With this fast-paced growth came a lot of technical challenges and in turn, our dependency on data grew at a much faster pace than what we had ever imagined.

Our internal data stakeholders are embedded across a wide variety of roles such as Business Analytics, Recommendations for ML, Data Science, A/B testing, Marketing, and Sales–all of whom require some level of access to data in order to “seek the truth”, one of our core values at Faire.

When initial data capabilities were created, we used Redshift as our data warehouse.In this article, we’ll walk through the challenges we faced as we scaled and how we ultimately made the decision to migrate to Snowflake.

Why did we migrate to Snowflake?

Scaling pain

In our experience, Redshift had a very high maintenance cost and needed consistent efforts to keep it fast enough to support the needs of a growing data org. I was hired as the second data engineer, when the entire company was around 300 Faire folk. The functionality that we were trying to support with our Redshift cluster were roughly the following.

  • More than 100 Airflow ETLs
  • Experiments and Machine learning platform that was supported by Airflow ETLs
  • Data analytics reports and dashboards powered by Mode Analytics
  • SageMaker and local Jupyter notebooks
  • Machine learning apps running in AWS Batch

Redshift has a coupled compute and storage architecture , unless you are using RA3 instances. Therefore, you cannot isolate different workloads over the same data and this coupling meant that we had to be very careful about table / query design and space management.

If you are not controlling the design of each and every query or table in Redshift, it becomes a tedious process to answer why is my query so slow? To fully understand the extent of work needed to answer this question, it required a Data Engineer (DE) to go through the following flow from our on-call handbook.

With so many systems working off the data warehouse, it became very challenging to optimize the cluster and Workload Management (WLM) queues and be able to maintain SLAs.

Redshift’s serial isolation level

At that time, Redshift only supported serializable isolation level (Snapshot isolation level was introduced in May 2022), which proved problematic for our use cases in particular. To fully comprehend this, it’s pertinent to understand how Redshift locking works. Redshift has 3 types of locks:

  • AccessExclusiveLock: Acquired primarily during DDL operations, such as ALTER TABLE, DROP, or TRUNCATE. AccessExclusiveLock blocks all other locking attempts.
  • AccessShareLock: Acquired during UNLOAD, SELECT, UPDATE, or DELETE operations. AccessShareLock blocks only AccessExclusiveLock attempts. AccessShareLock doesn’t block other sessions that are trying to read or write on the table.
  • ShareRowExclusiveLock: Acquired during COPY, INSERT, UPDATE, or DELETE operations.
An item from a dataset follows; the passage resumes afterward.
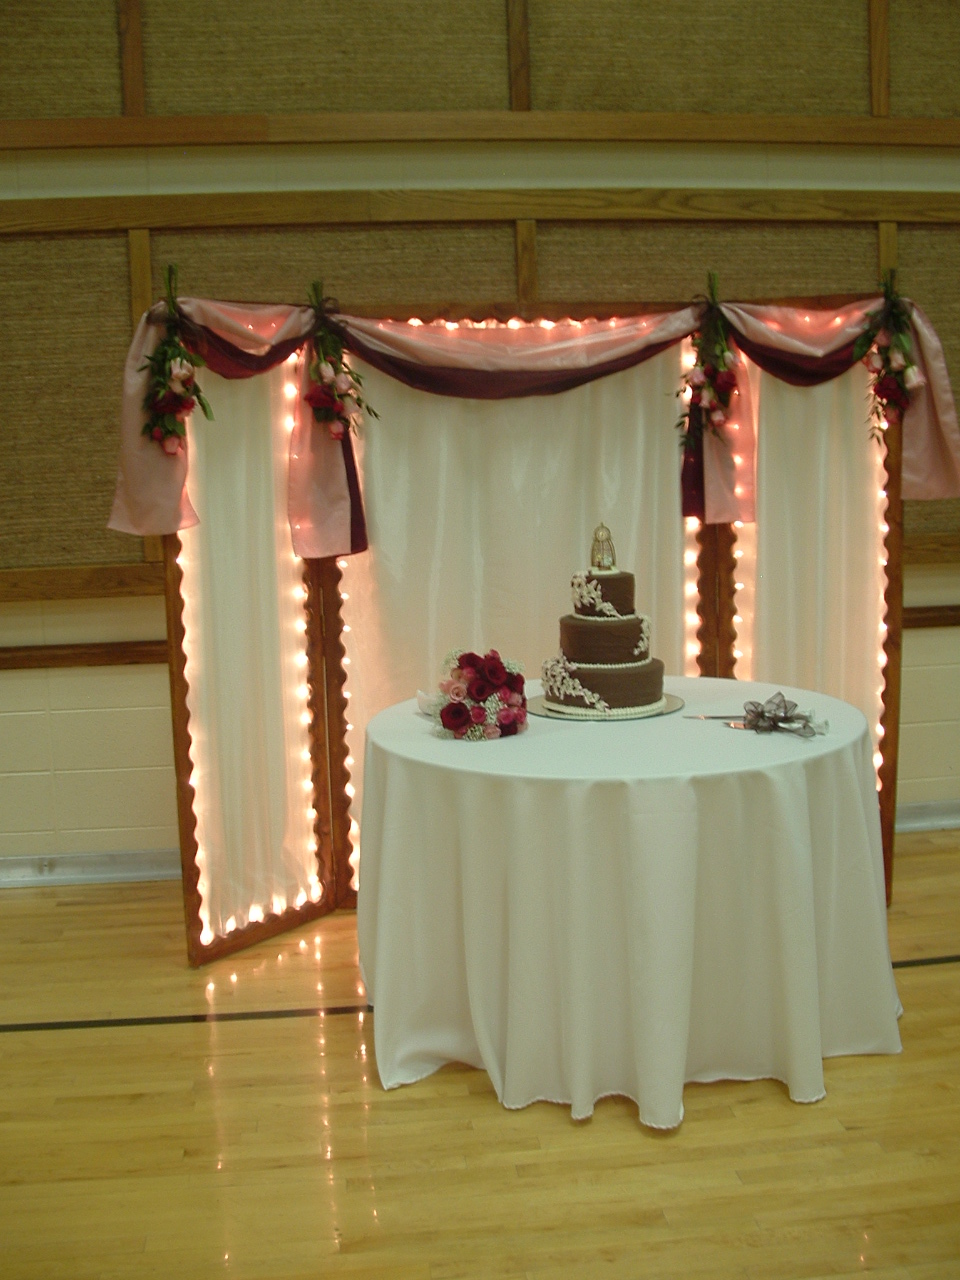 the wedding cake backdrop

ShareRowExclusiveLock blocks AccessExclusiveLock and other ShareRowExclusiveLock attempts, but doesn’t block AccessShareLock attempts.

Now, imagine a use case where a scheduled BI dashboard (Mode report) runs at 9AM EST daily and relies on a complex long-running SELECT query on my_table.

There is another ETL that starts at 9:15AM EST which creates a new temporary table and then swaps that with my_table using ALTER TABLE RENAME TO. Since AccessShareLock blocks AccessExclusiveLock, the ETL gets blocked until the Mode report is complete.

Now, imagine a second user that manually triggers another Mode report that performs SELECT on my_table. Would they be able to start a query? No.

Since Redshift processes queries in the order they are received, this issue is further exacerbated.

We are stuck with the following order:

Since the second SELECT came after AccessExclusiveLock in the queue, it has to wait for the table rename to finish before it can perform its operation, which means that it will have to wait the entire duration of the first select + table rename combined before anyone else can read from that table.

From an engineer’s perspective, it’s non-trivial to resolve this, either by;

  1. Making the rename step its own airflow task with a very short timeout (10 seconds) and a large number of retries to make it a best effort process. AccessExclusiveLock is quickly acquired and released and this becomes a best effort process
  2. Changing to a DELETE FROM / INSERT INTO pattern

However, the solutions described above don’t necessarily work for all the use cases. For instance, if you have a lot of ETLs with ALTER TABLE RENAME patterns and you are switching to 1 to fix them, you are at least doubling the number of Airflow tasks supported by your Airflow cluster. How does that affect your DAG SLAs now? Does Airflow scale well to resolve this?

Finally, if you want to be a data-driven organization, you need to also understand that not everyone working with data is a Data Engineer. It’s unfair to expect each and every person to follow these best practices and ensure that they are religiously followed.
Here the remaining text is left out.